▸ **Description of the task**
The required output is the line with "[GARDEN] 10K Citrine" plus all lines that follow it to the end of the listing below, written out exactly, with no pictures.

▸ **Data shown**

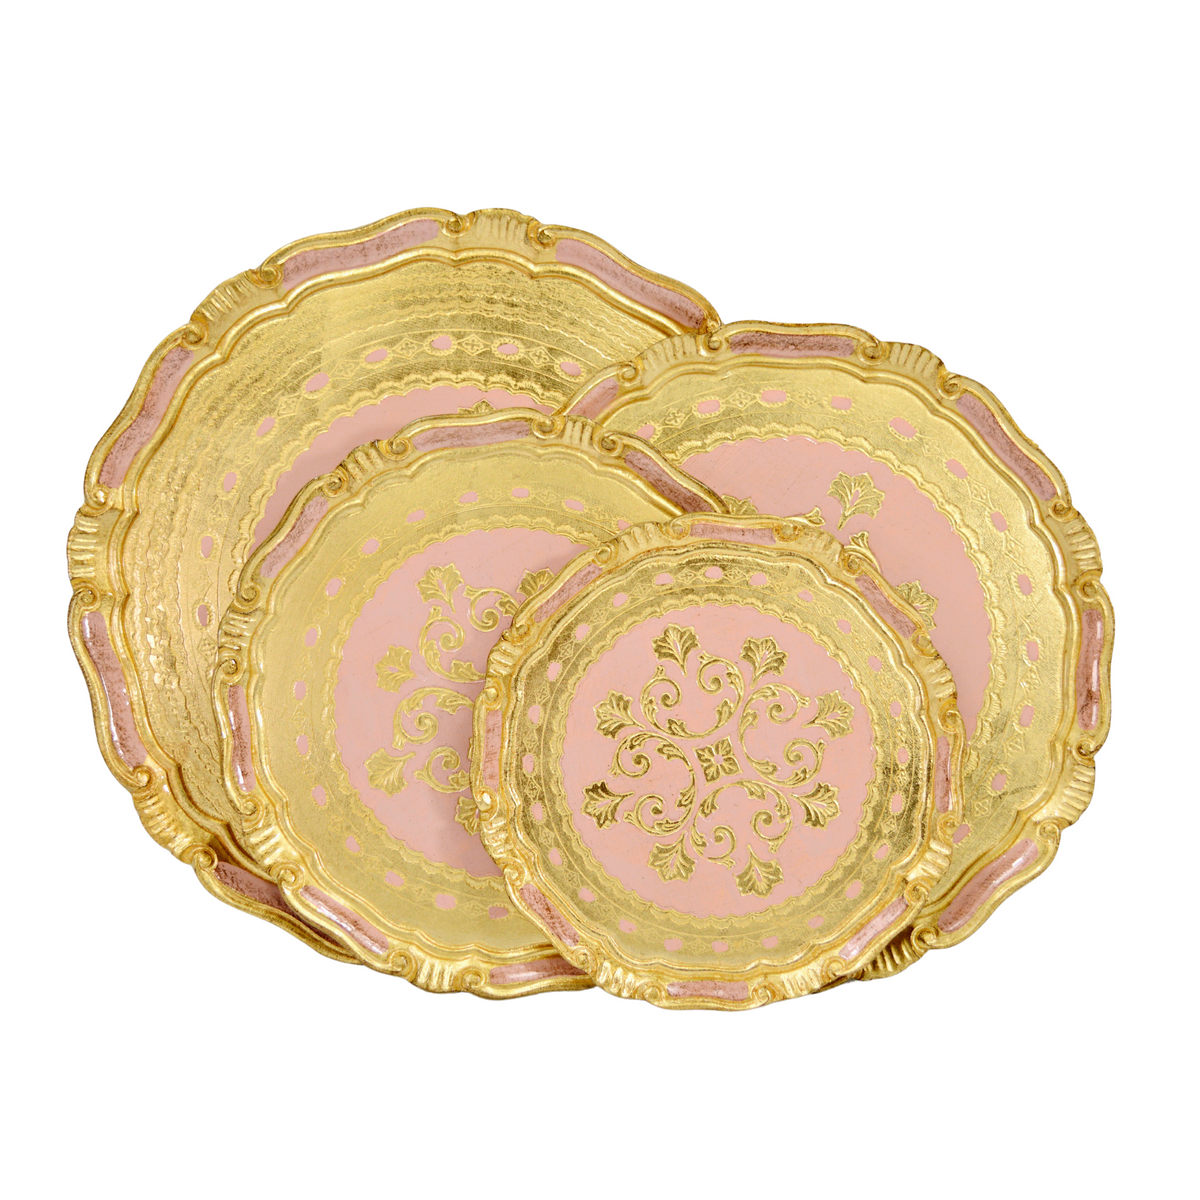 Florentine Carved Gilded Wood Circle Tray, Made in Italy - My Italian Decor
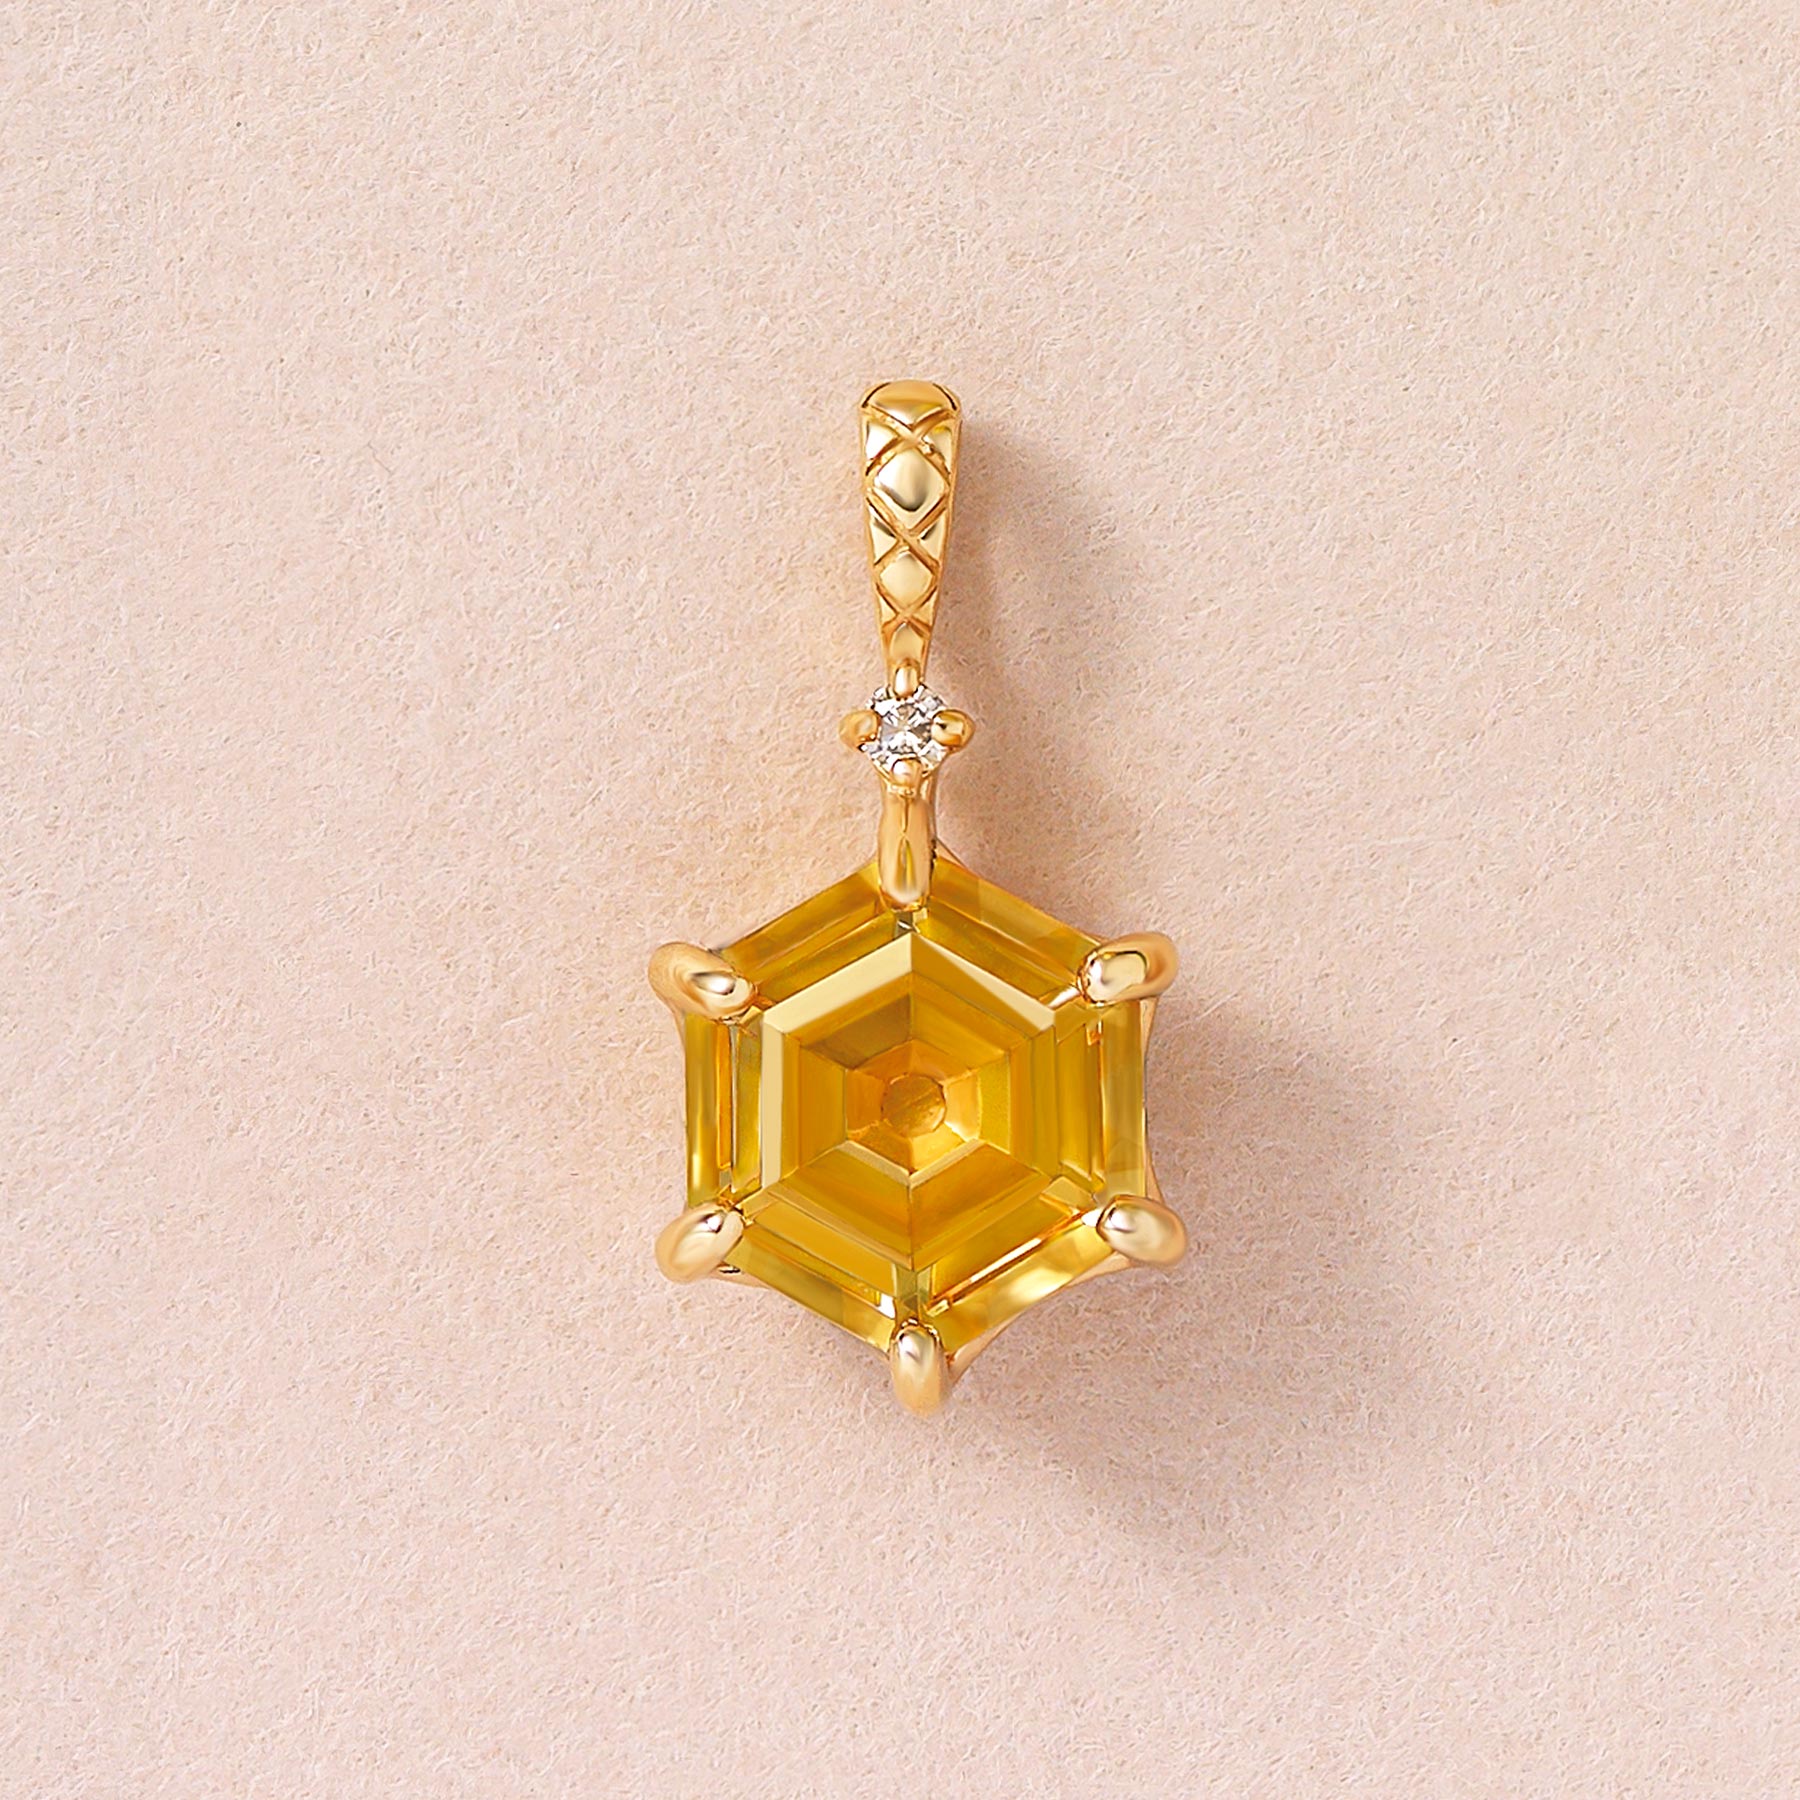 [GARDEN] 10K Citrine Honeycomb Necklace Charm (Yellow Gold) - Product Image
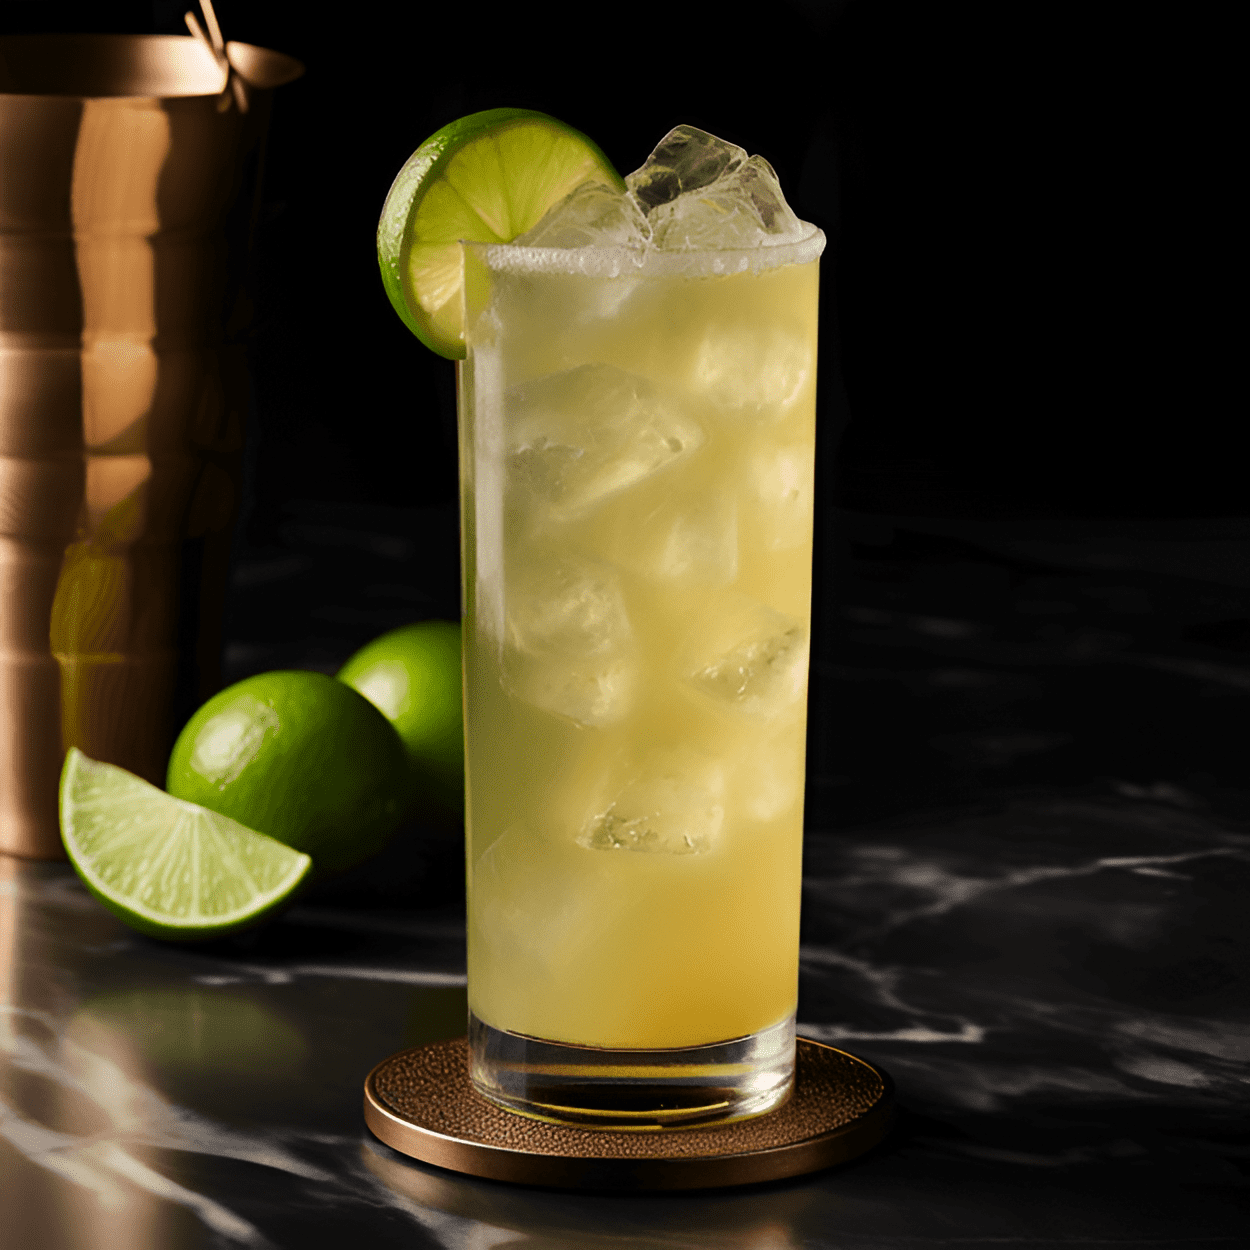 Orgeat Cocktail Recipe - The Orgeat Cocktail is a harmonious blend of sweet, sour, and nutty flavors. The almond syrup provides a rich, sweet base, while the lime juice adds a tangy kick. The rum adds a strong, warming undertone that balances the sweetness and sourness of the other ingredients.

▸ **Output**
 [GARDEN] 10K Citrine Honeycomb Necklace Charm (Yellow Gold) - Product Image
 Orgeat Cocktail Recipe - The Orgeat Cocktail is a harmonious blend of sweet, sour, and nutty flavors. The almond syrup provides a rich, sweet base, while the lime juice adds a tangy kick. The rum adds a strong, warming undertone that balances the sweetness and sourness of the other ingredients.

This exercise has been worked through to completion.